— Task to complete —
From the line containing "Recycled jacquard offwhite/sand" down to the line containing "Taking the Leap to Virtualization" in the records below, reproduce every line exactly, ends included, and omit all others.

— Source information —

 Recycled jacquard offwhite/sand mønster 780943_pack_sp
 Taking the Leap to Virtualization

* * *

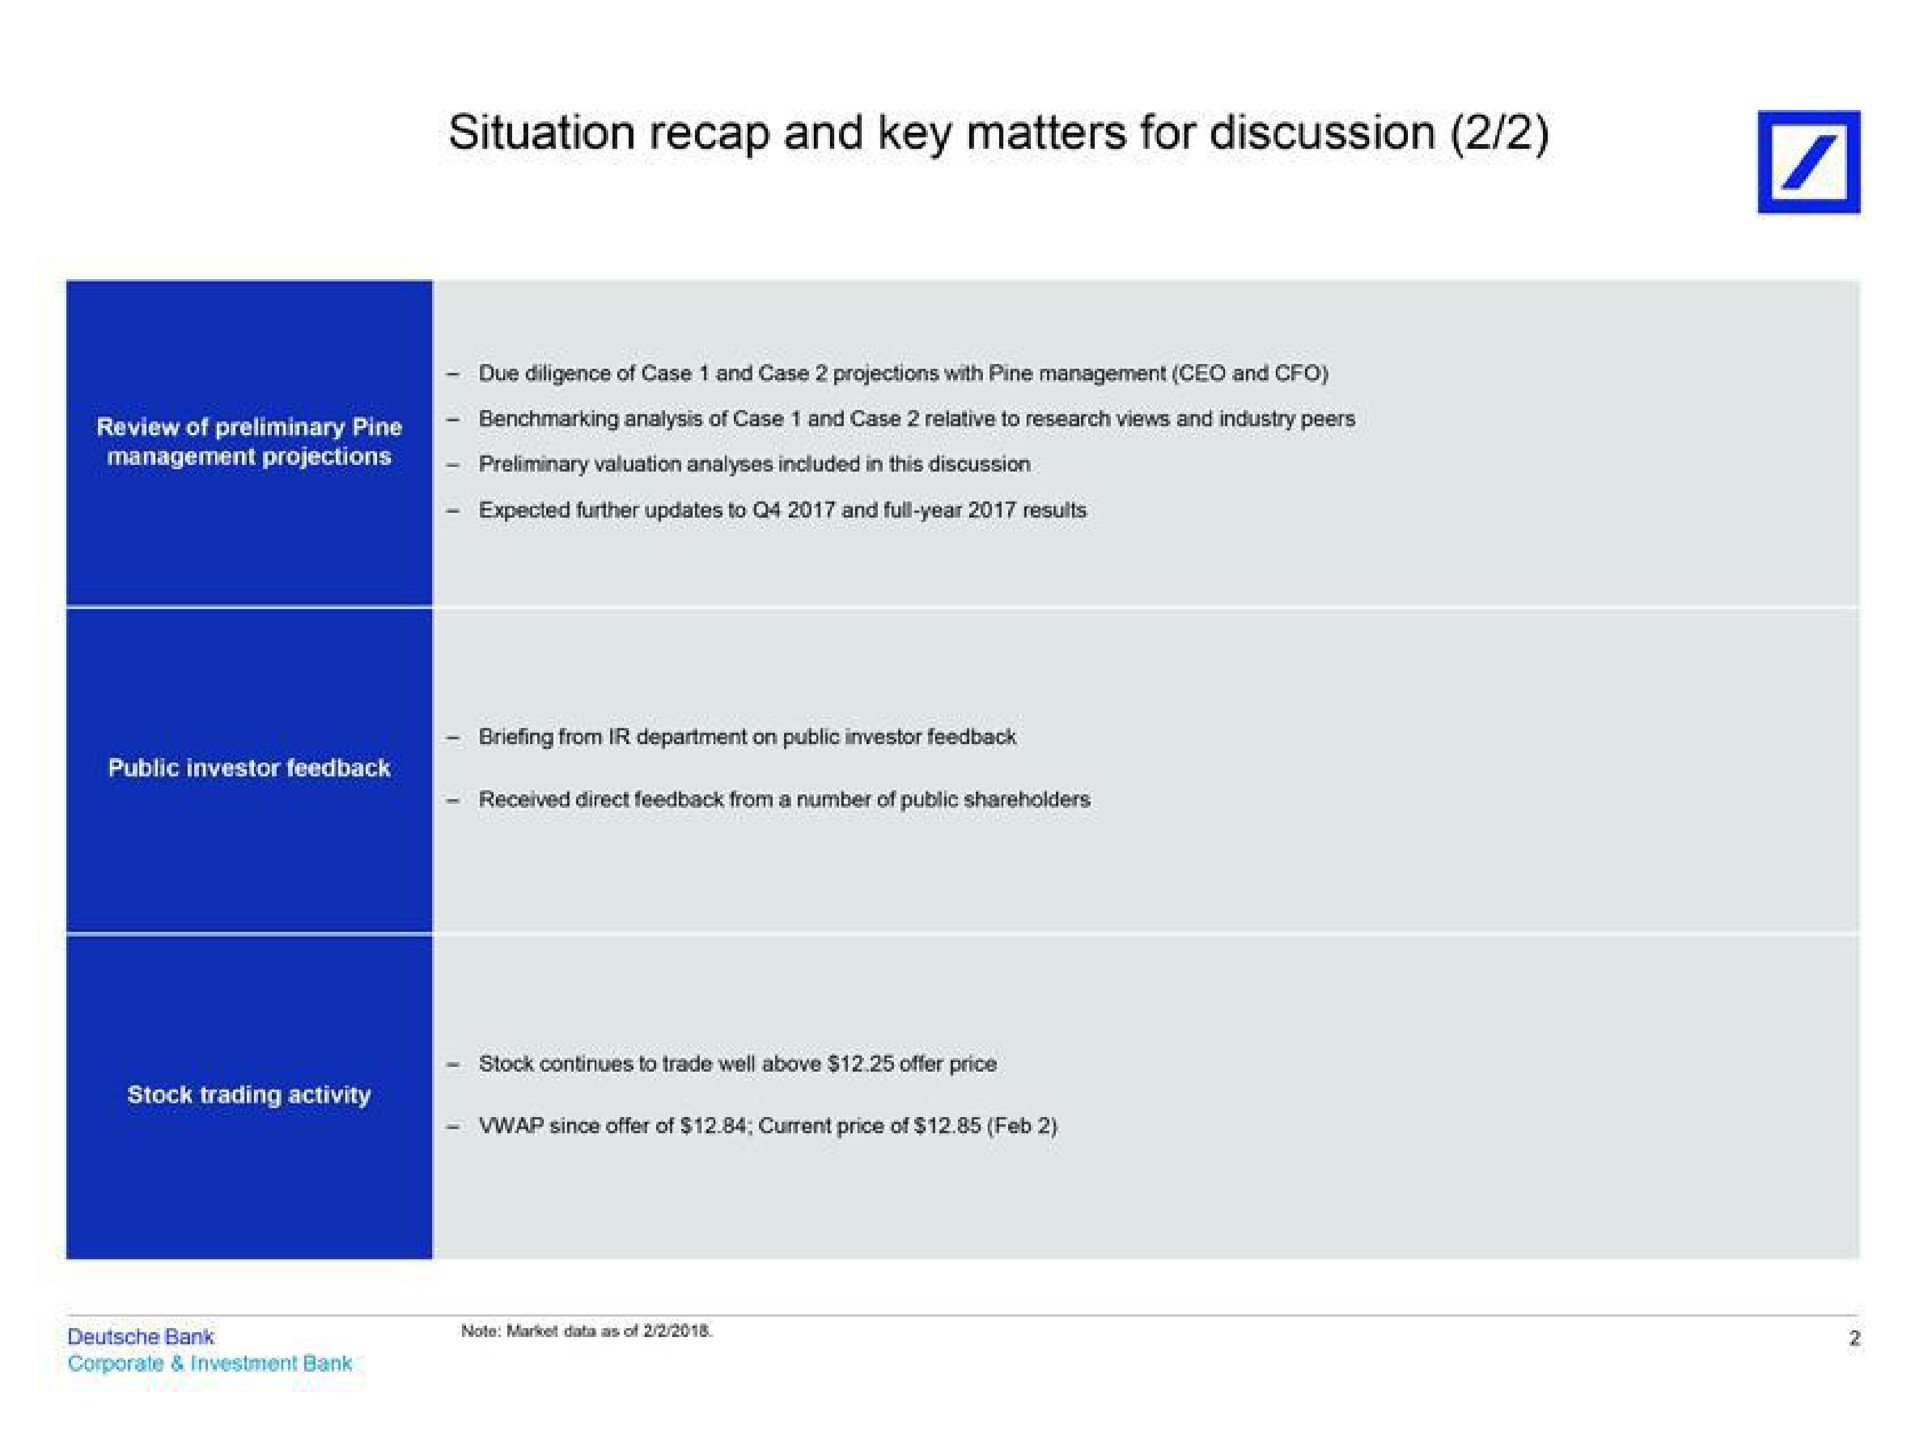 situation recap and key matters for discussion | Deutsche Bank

...

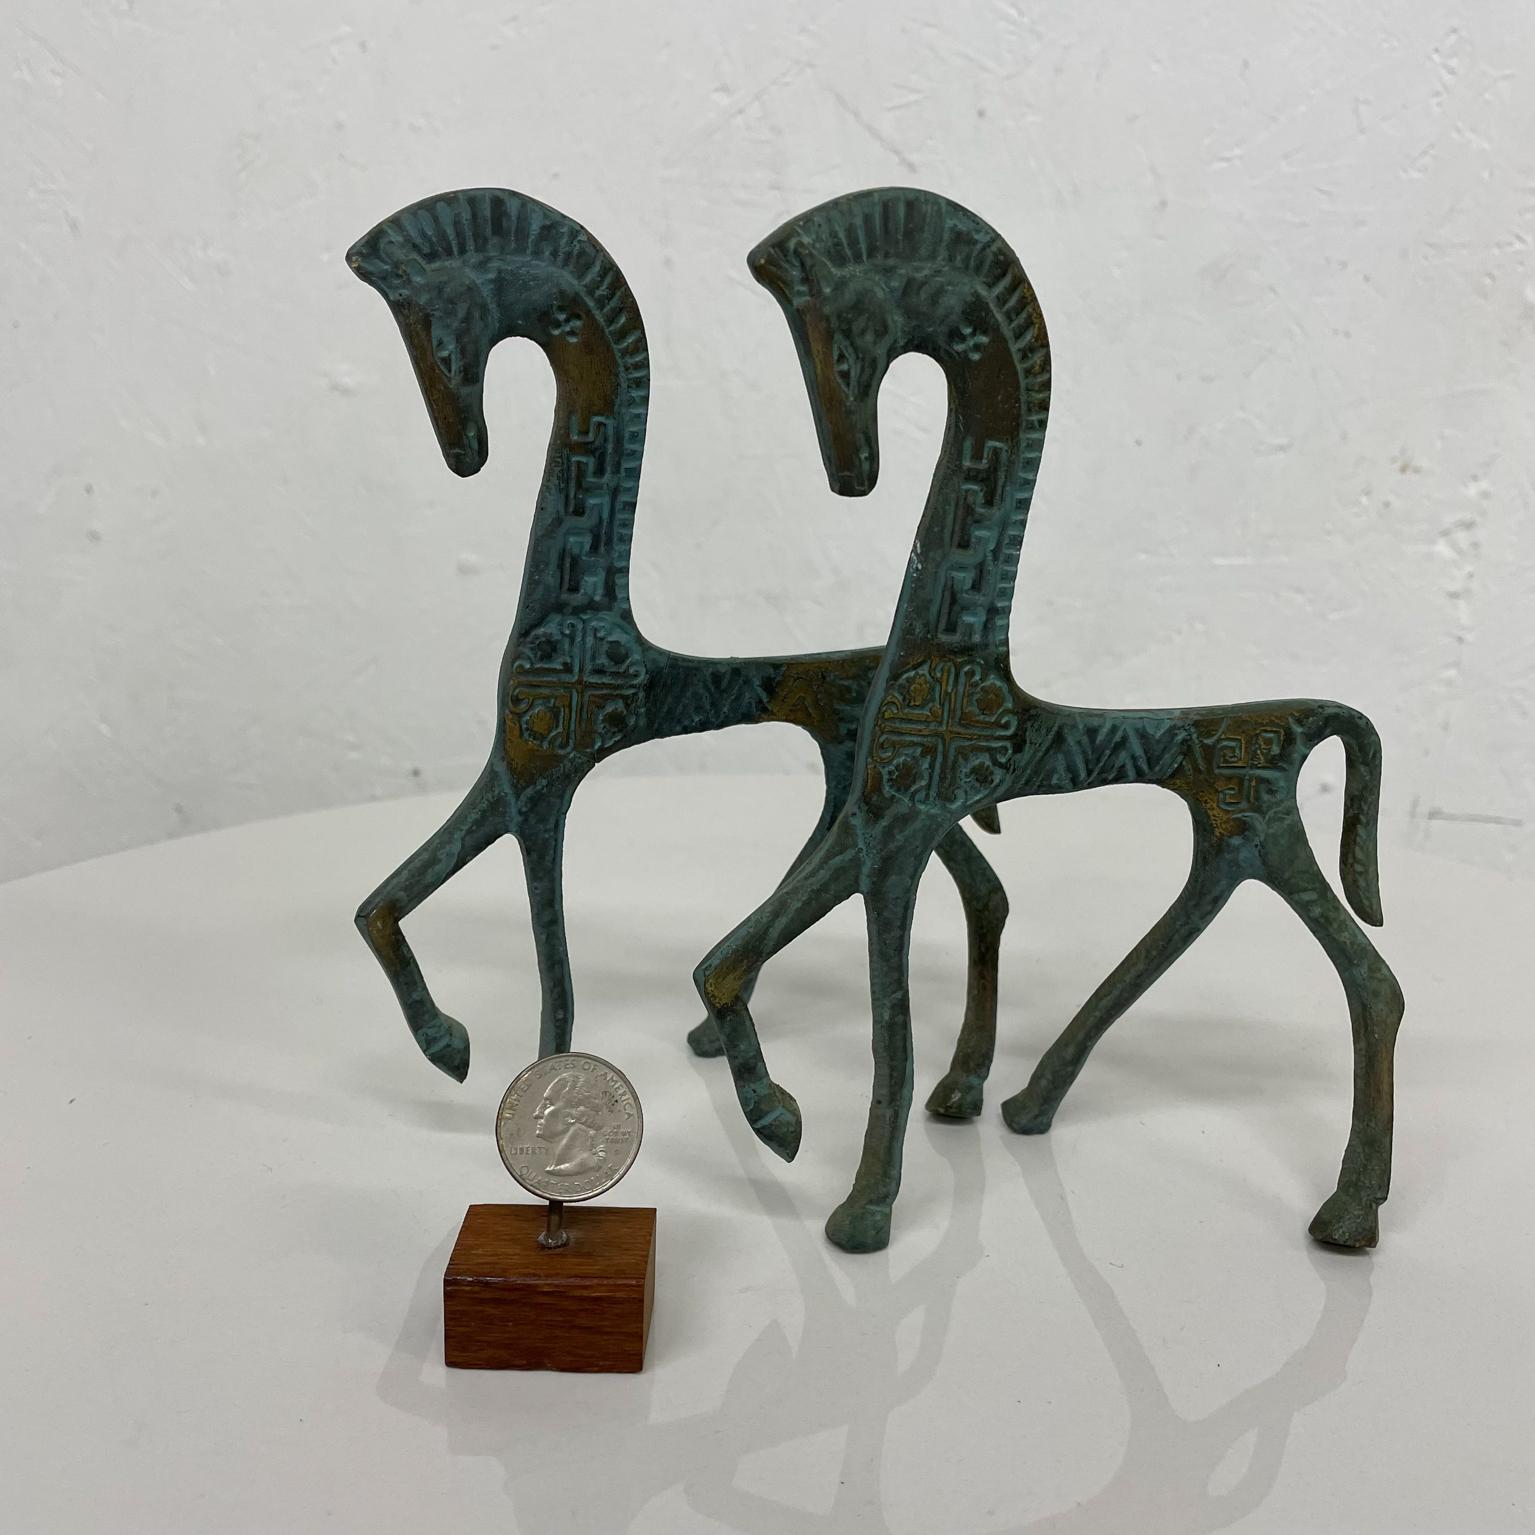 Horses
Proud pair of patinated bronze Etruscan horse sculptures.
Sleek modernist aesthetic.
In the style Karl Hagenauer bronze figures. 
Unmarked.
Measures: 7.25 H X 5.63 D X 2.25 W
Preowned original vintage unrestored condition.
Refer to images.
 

— Response to this exercise —
 Recycled jacquard offwhite/sand mønster 780943_pack_sp
 Taking the Leap to Virtualization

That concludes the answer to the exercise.